Boisseau’s use of theory in subsequent chapters, particularly those of the fetish, cross-dressing and the masquerade expounded in “Masquerading as the Subject of Feminism,” is quite convincing. After giving an overview of the scholarship dealing with the theory of the fetish, she examines the social practices and psycho-sexual processes presenting French-Sheldon’s female audiences with a way to construct a feminist position by identifying with her “as an exceptionally feminine heroine participating in the typically masculine realms of exploration and travel-writing, French-Sheldon fit the notion of the masquerade as it was conceptualized by Freudian analysis” [166], claims Boisseau. She became a feminist fetish, the author concludes, thanks to her costume, which resorted on the hyperbolization of femininity, and because new female models were erected and their images manufactured by the media industry; moving from margin to center, the emancipated woman was increasingly portrayed in films. Boisseau gives an interesting reading of the erotic excitement surrounding French-Sheldon’s public appearances in the light of feminist film theory in “The Queen, the Sheik, the Sultana, and the Female Spectator,” showing how she elicited lesbian desire on the part of her audience: by assuming the phallus, overcoming woman’s “lack,” her cross-dressing enabled her to become what Boisseau compares to a sex goddess.
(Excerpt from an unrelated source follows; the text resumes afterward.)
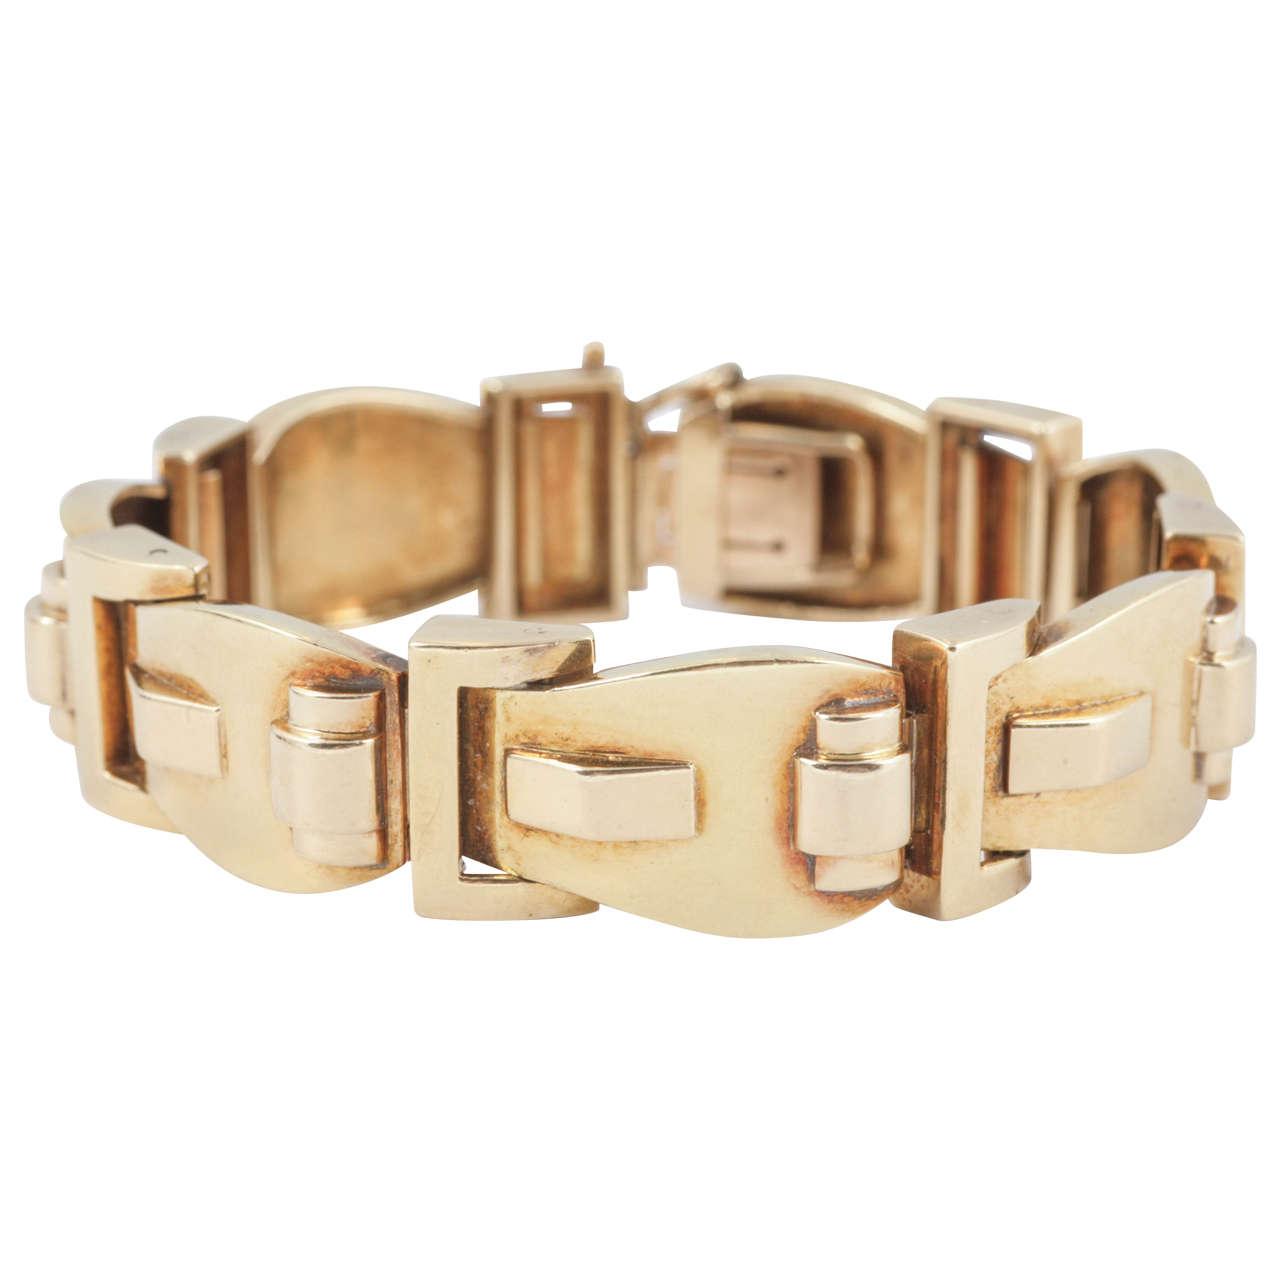 1940s Buckle Style Bracelet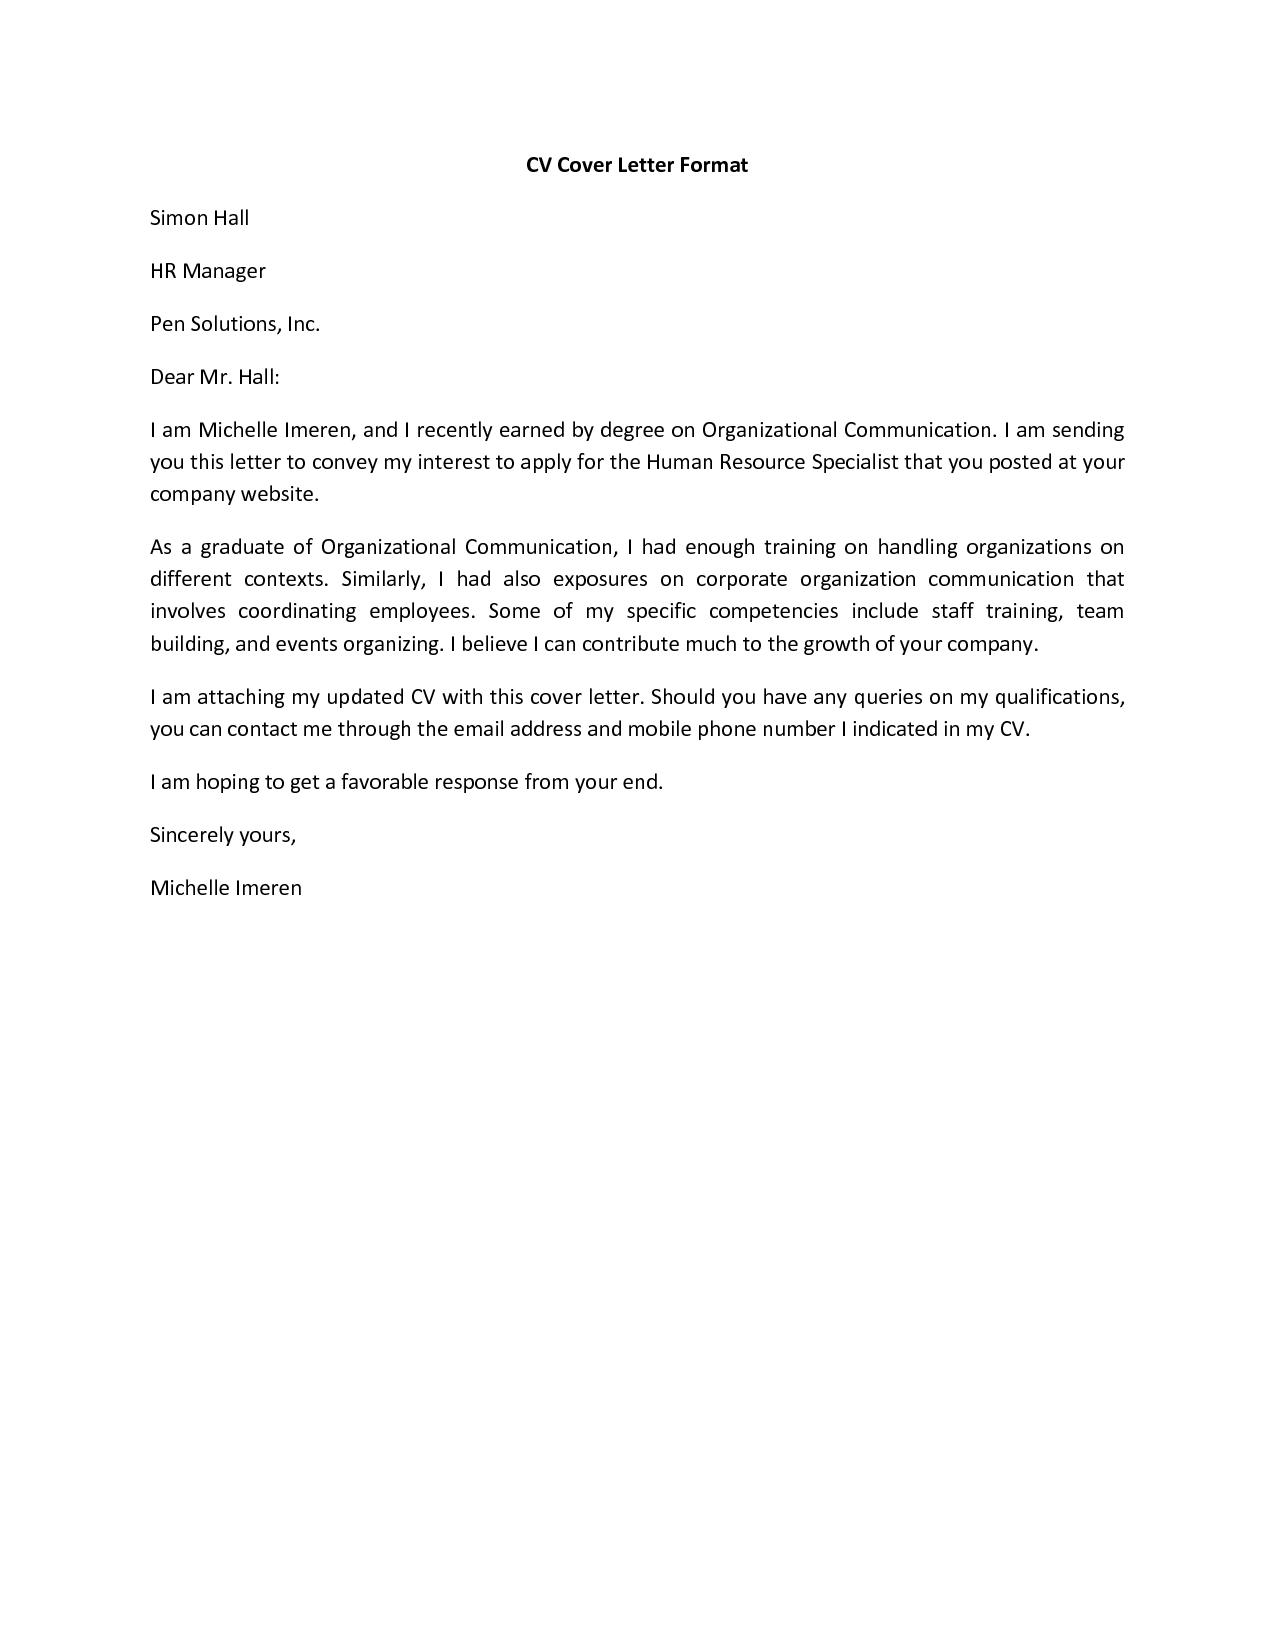 Basic Cover Letter For Resume from lh4.googleusercontent.com

White Queen contains about a dozen photographs of French Sheldon’s African trek and a couple of drawings of her famed costume. However, we could make a slight reproach regarding the author’s iconographic choices: the snapshots included in the volume merely illustrate a trip which was no feat from a scientific point of view and have little impact on the book’s argument. No photographs of French-Sheldon’s numerous stage performances during the later part of her life are provided, although chances are that their inclusion would have added depth to Boisseau’s analysis of her as a performer. Despite this minor fault, Boisseau’s book is a major contribution to the study of the relationship between feminism and colonial history, challenging previous interpretations of that highly colorful personality and bringing to light the weight that the interplay between race, class and gender on the one hand, and their representation in the media on the other hand, had on the construction of American feminism.